#### [Aim of the task]
The reply must repeat the listing below exactly and carry none of its pictures.

#### [Provided data]
^^^^

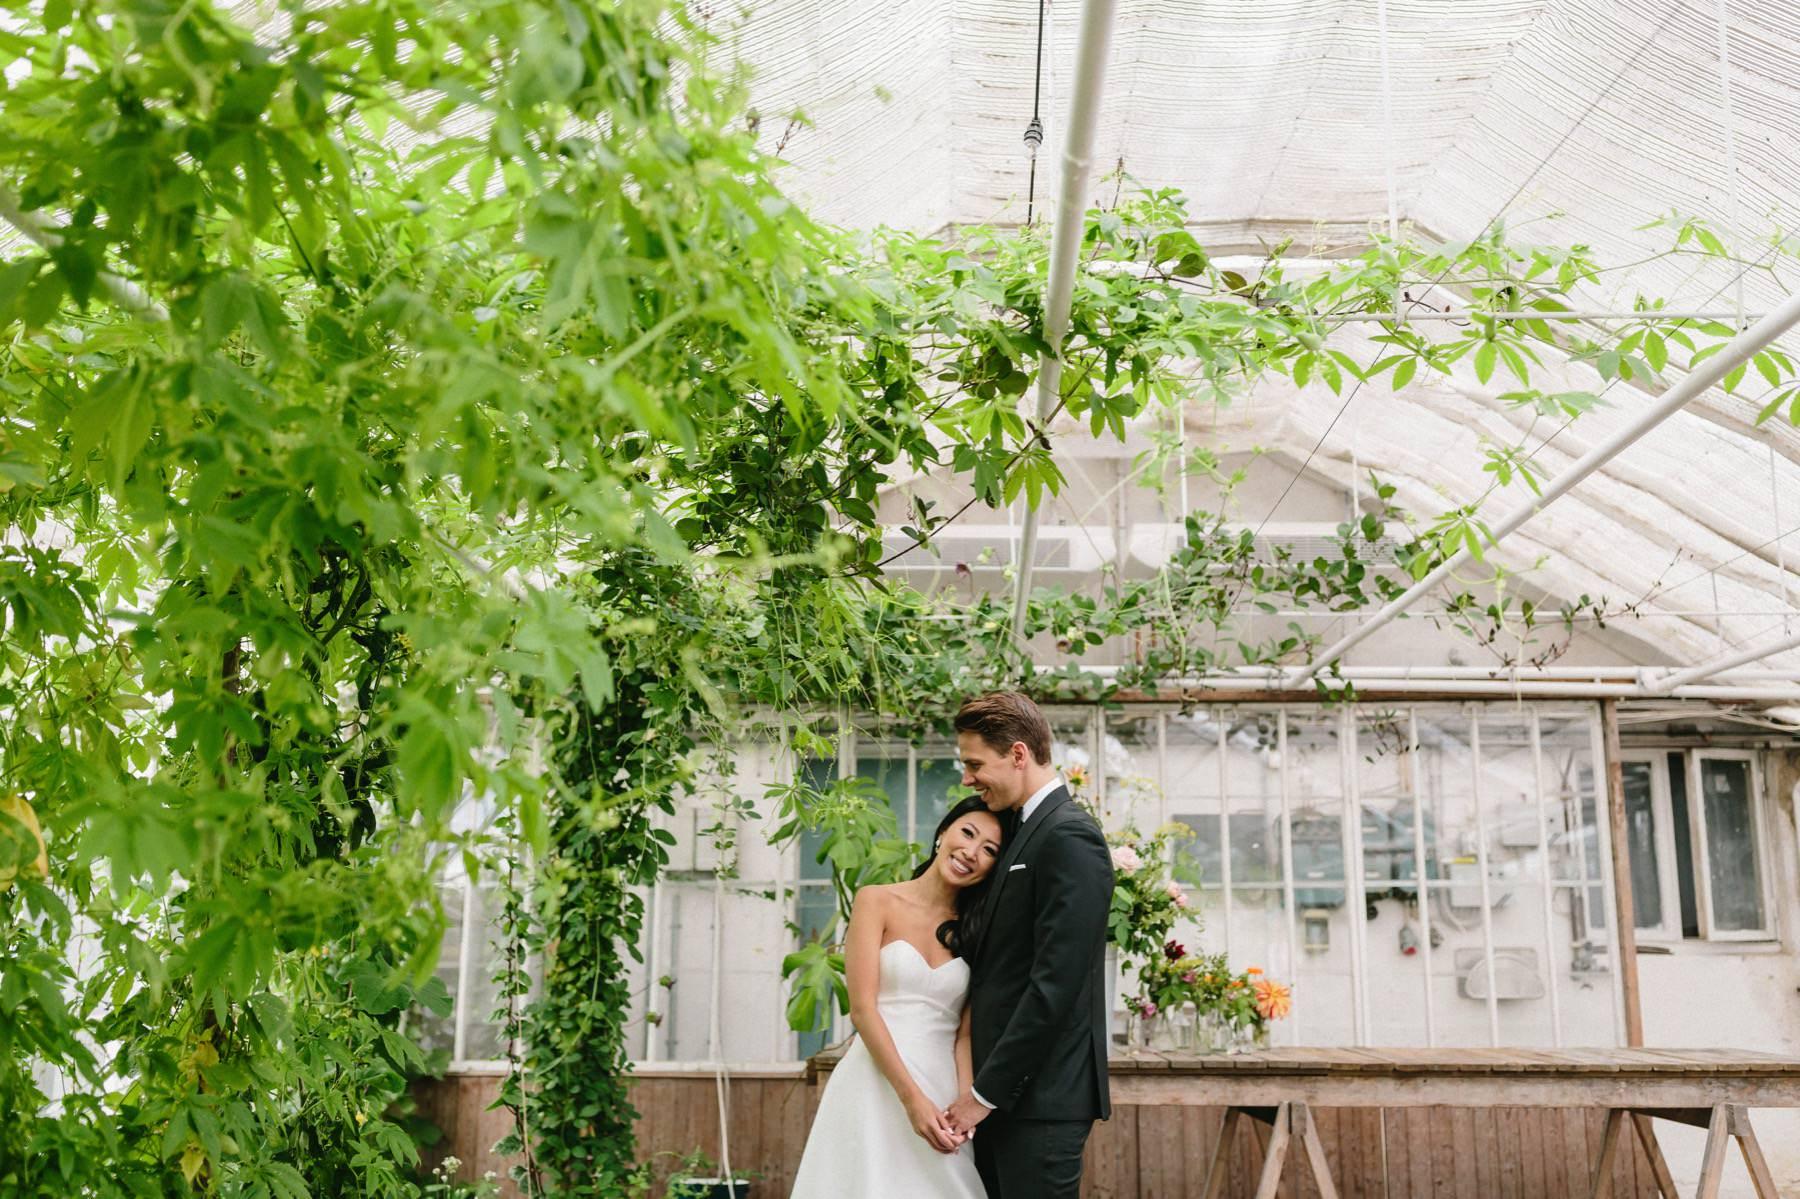 Rosendals Trädgård bröllop
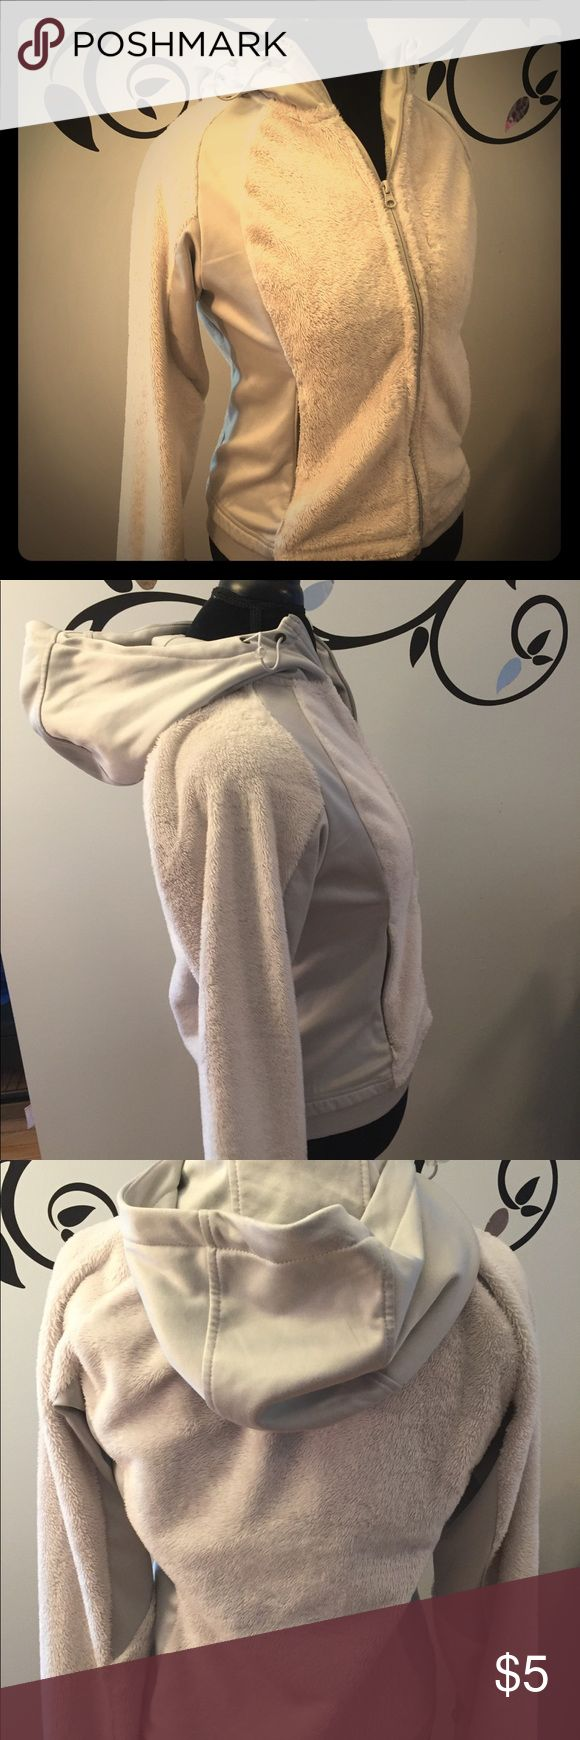 🌈🆕EUC Canyon Creek Gray & Silver Zip Hoodie Coat 🌈🆕EUC Canyon Creek Gray & Silver Zip Jacket. Zip up jacket has a combination of fuzzy fleece and stretchy tech fabric. Nice sized hood. Women's size Small. Great for jogging. Canyon Creek Tops Sweatshirts & Hoodies
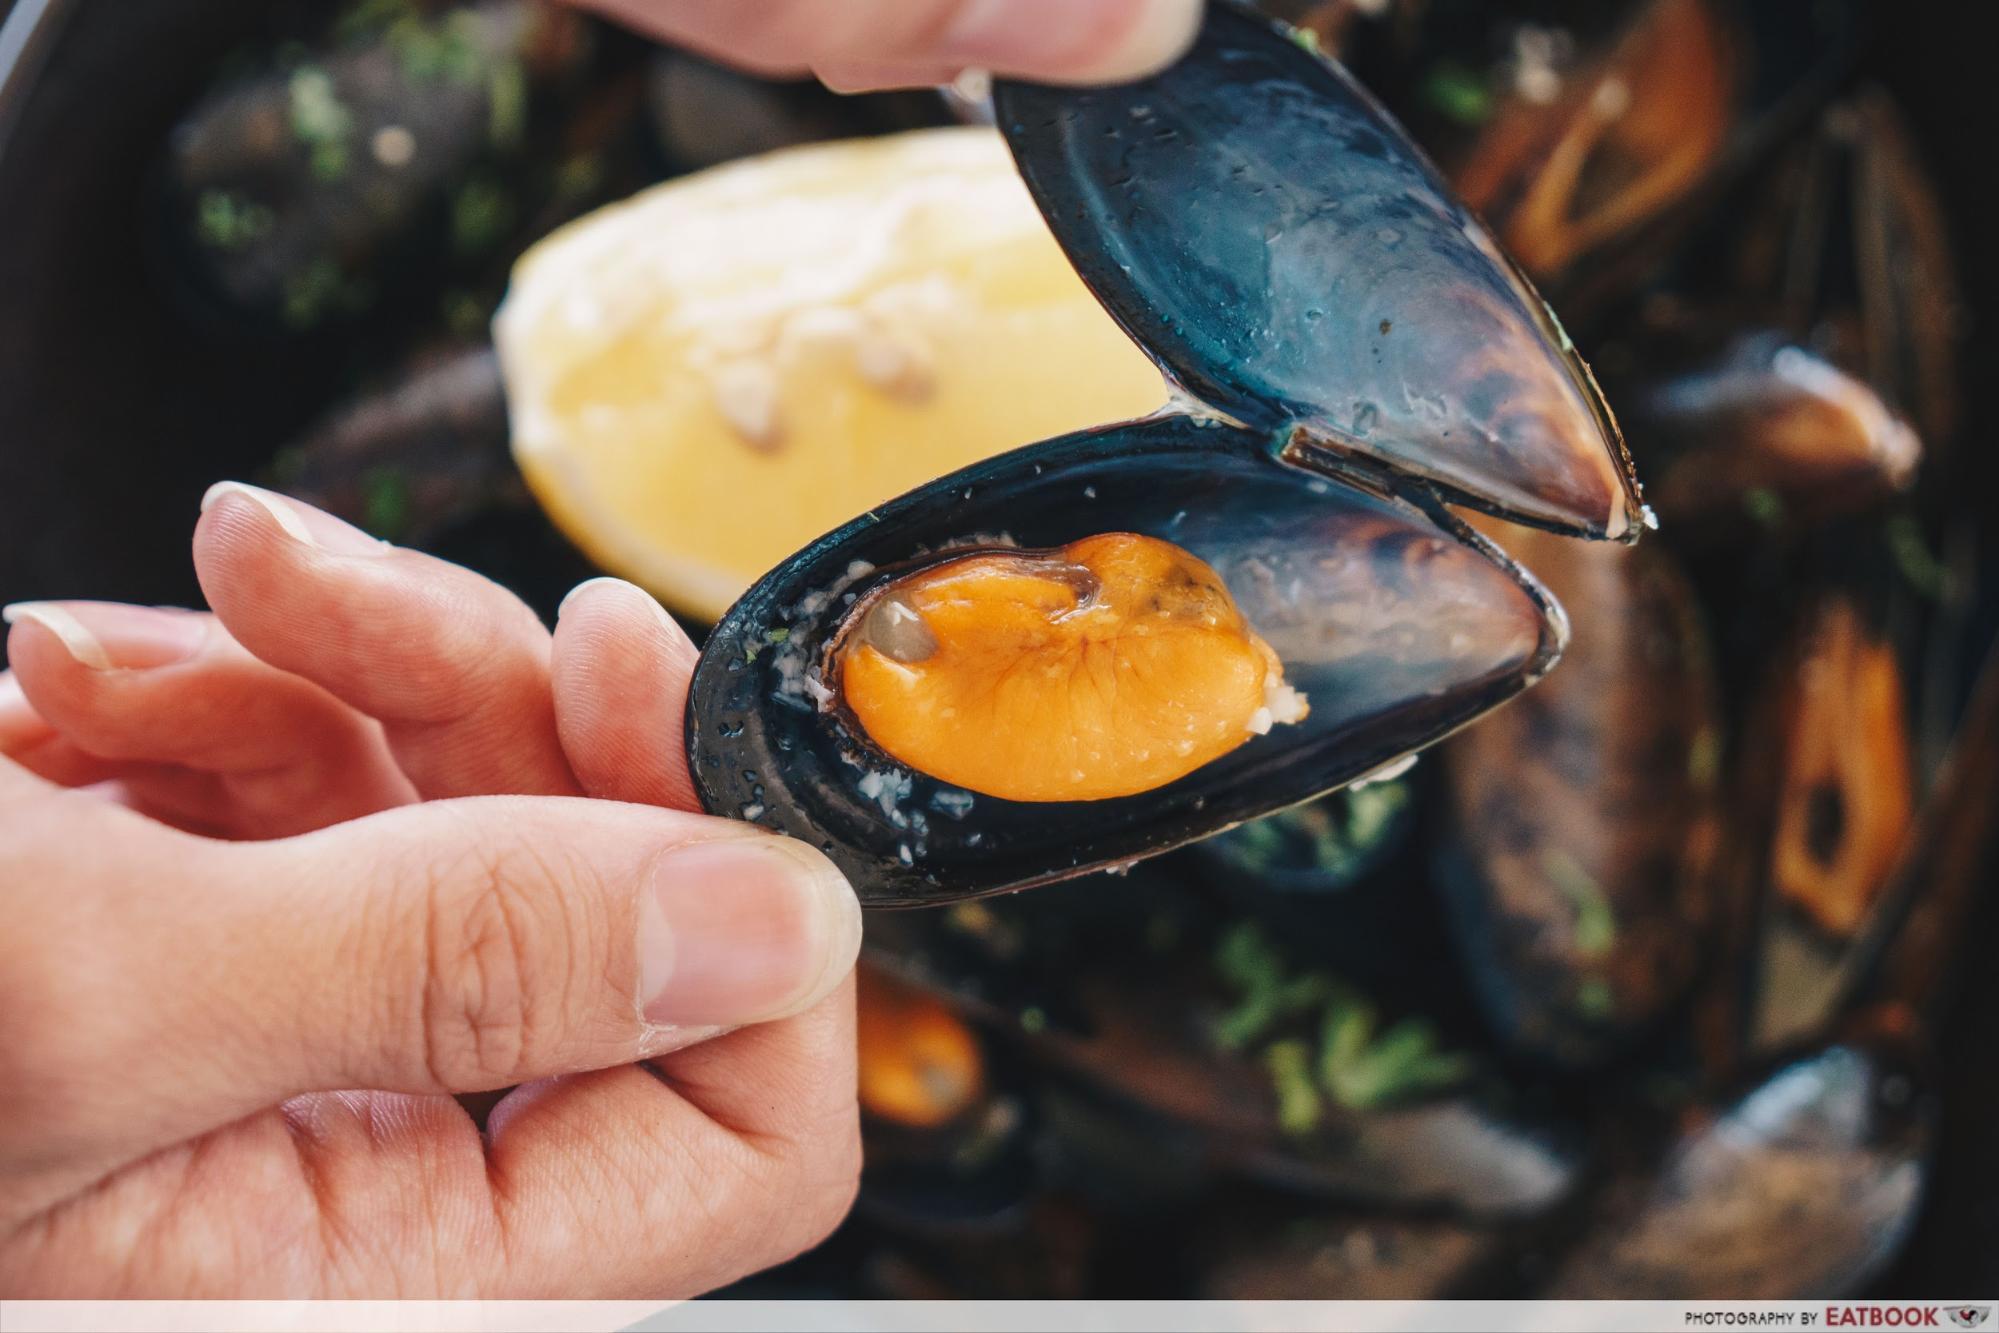 La Pizzeria - Sauteed Mussels

^^^^

#### [Result for this exercise]
 Rosendals Trädgård bröllop
 🌈🆕EUC Canyon Creek Gray & Silver Zip Hoodie Coat 🌈🆕EUC Canyon Creek Gray & Silver Zip Jacket. Zip up jacket has a combination of fuzzy fleece and stretchy tech fabric. Nice sized hood. Women's size Small. Great for jogging. Canyon Creek Tops Sweatshirts & Hoodies
 La Pizzeria - Sauteed Mussels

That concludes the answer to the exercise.